活版印刷紀行

いまはほとんど姿を消した「活版印刷」ゆかりの地をゆっくり探訪したり、印刷がらみの話題を提供します。

世界最古の印刷物はどちら

2007-05-26 13:27:02 | 活版印刷のふるさと紀行
 昨年、神田川大曲塾の「印刷文化のふるさと探訪」で韓国を訪問しました。金浦空港から真っ先きに目指したのはソウルの国立中央博物館でした。オープン時から印刷ブースの充実ぶりがすばらしいと、耳にしておりましたから楽しみでした。

 学芸員の方がVIPのバッジを胸にした私たちをいの一番に案内して下さったのが、
『無垢浄光大陀羅尼経』の展示ケースの前でした。「これが、韓国が誇る世界最古の印刷物です」と。

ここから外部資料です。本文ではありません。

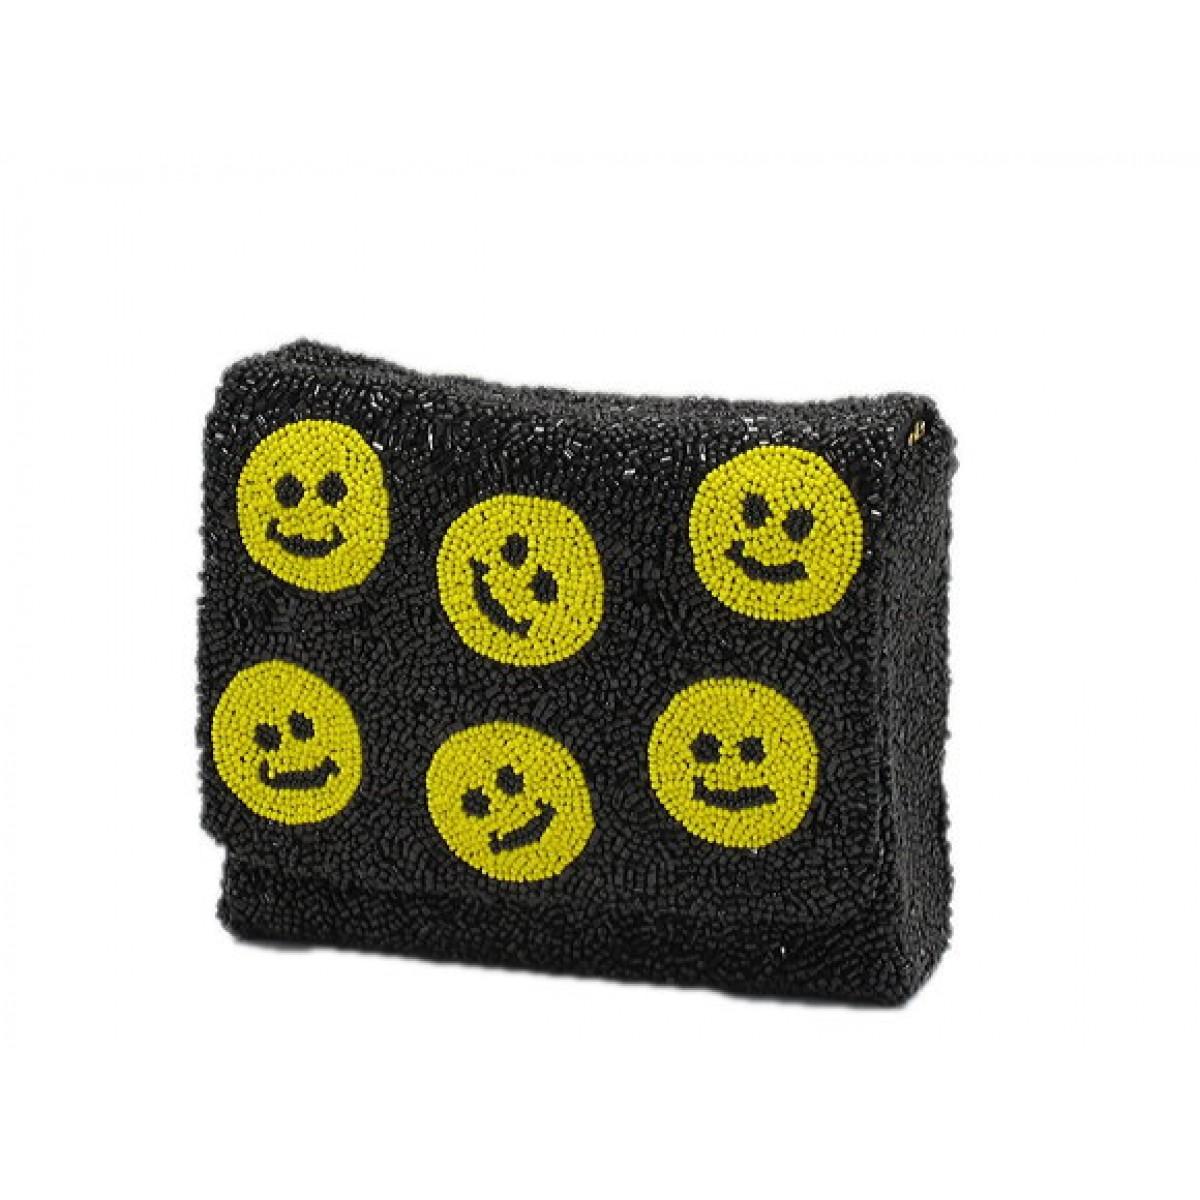 Soft Box Bag with Smileys

 1966年に慶州仏国寺でこの「無垢‥」が発見されるまでは、日本の『百万塔陀羅尼』(770年)が世界最古とされておりました。
 「無垢‥」が新羅時代(8世紀初めから751年以前のもの)だというのでした。たしか、韓国の学者の中にはは、600年代の終りから705年まで使われていた則天文字が入っているから、770年の「百万塔‥」より古いと主張する人もいました。

 ところが、最近に至って、雲行きが怪しくなってきたのです。
 朝鮮日報の慎亨浚(シン・ヒョンジュン)記者が「無垢‥」が、新羅時代ではなく、高麗時代初期(11世紀)のものであることがわかった。世界最古は日本の「百万塔‥」の可能性が高まったという特ダネを書きました。

 なんでも、仏国寺で同時に見つかっていた『釈迦塔重修記』の判読が進んで、1024年ごろの塔修理のときに舎利や香や金製品とともに、『無垢浄光大陀羅尼経』を2点収めたとあるから、751年の塔創建のときから、収まっていたものではないというのです。ほかにも、史料が出たようです。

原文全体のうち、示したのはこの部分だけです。